For many uses of /usr/bin/bugzilla and python-bugzilla, it's necessary to actually be logged in to a bugzilla server. Creating bugs, editing bugs, querying private data, etc.

Up until now anyone that's used the command line tool has periodically had to do a bugzilla login to refresh their authentication cache. In older bugzilla versions this was an HTTP cookie, more recently it's a bugzilla API token. Generally login calls were needed infrequently on a single machine as tokens would remain valid for a long time.

Recently, bugzilla.redhat.com received a big update to bugzilla 5.0. However with that update it seems like API tokens now expire after a week, which has necessitated lots more bugzilla login calls than I'm used to.
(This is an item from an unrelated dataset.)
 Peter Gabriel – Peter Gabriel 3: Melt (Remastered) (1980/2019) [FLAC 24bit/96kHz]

Thankfully with bugzilla 5.0 and later there's a better option: API keys. Here's how to to use them transparently with /usr/bin/bugzilla and all python-bugzilla library usage. Here's steps for enabling API keys with bugzilla.redhat.com, but the same process should roughly apply to other bugzilla instances too.

  • Login to the bugzilla web UI
  • Click on your email
  • Select Preferences
  • Select API Keys
  • Generate an API key with an optional comment like python-bugzilla

Afterwards the screen will look something like this (updated in June 2020):

Bugzilla web UI API key setup

MY-FAKE-KEY is not my actual key, I replaced it for demo purposes. The actual key is a long string of characters and numbers.
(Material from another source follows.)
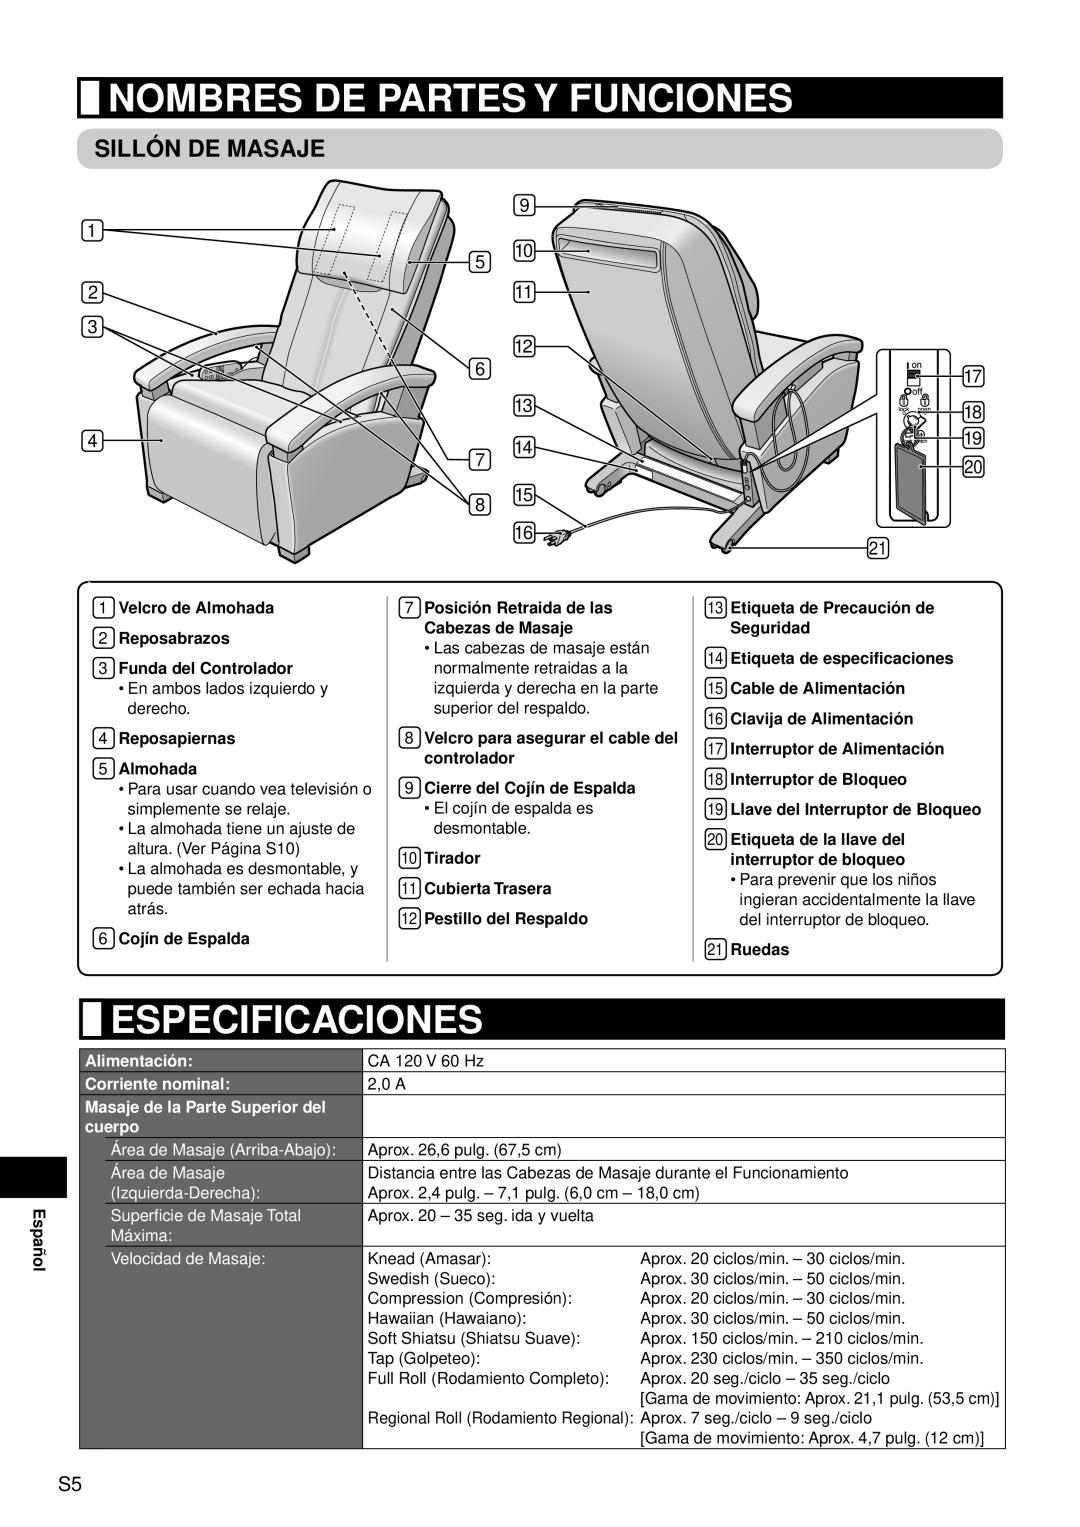 Panasonic EP1080 manual Nombres De Partes Y Funciones, Especificaciones, Sillón De Masaje

On bugzilla.redhat.com the key is only visible in the red box when the key is initially created; refreshing the page will only show the numeric API key ID which is not what you want. So if you missed copying that value the first time, revoke the key and create a new one.

Once you've copied your key, write a bugzillarc file like this:

$ cat ~/.config/python-bugzilla/bugzillarc
[bugzilla.redhat.com]
api_key=MY-FAKE-KEY

That's it, /usr/bin/bugzilla and python-bugzilla using tools should pick it up automagically. Note, API keys are as good as passwords in certain ways, so treat it with the same secrecy you would treat a password.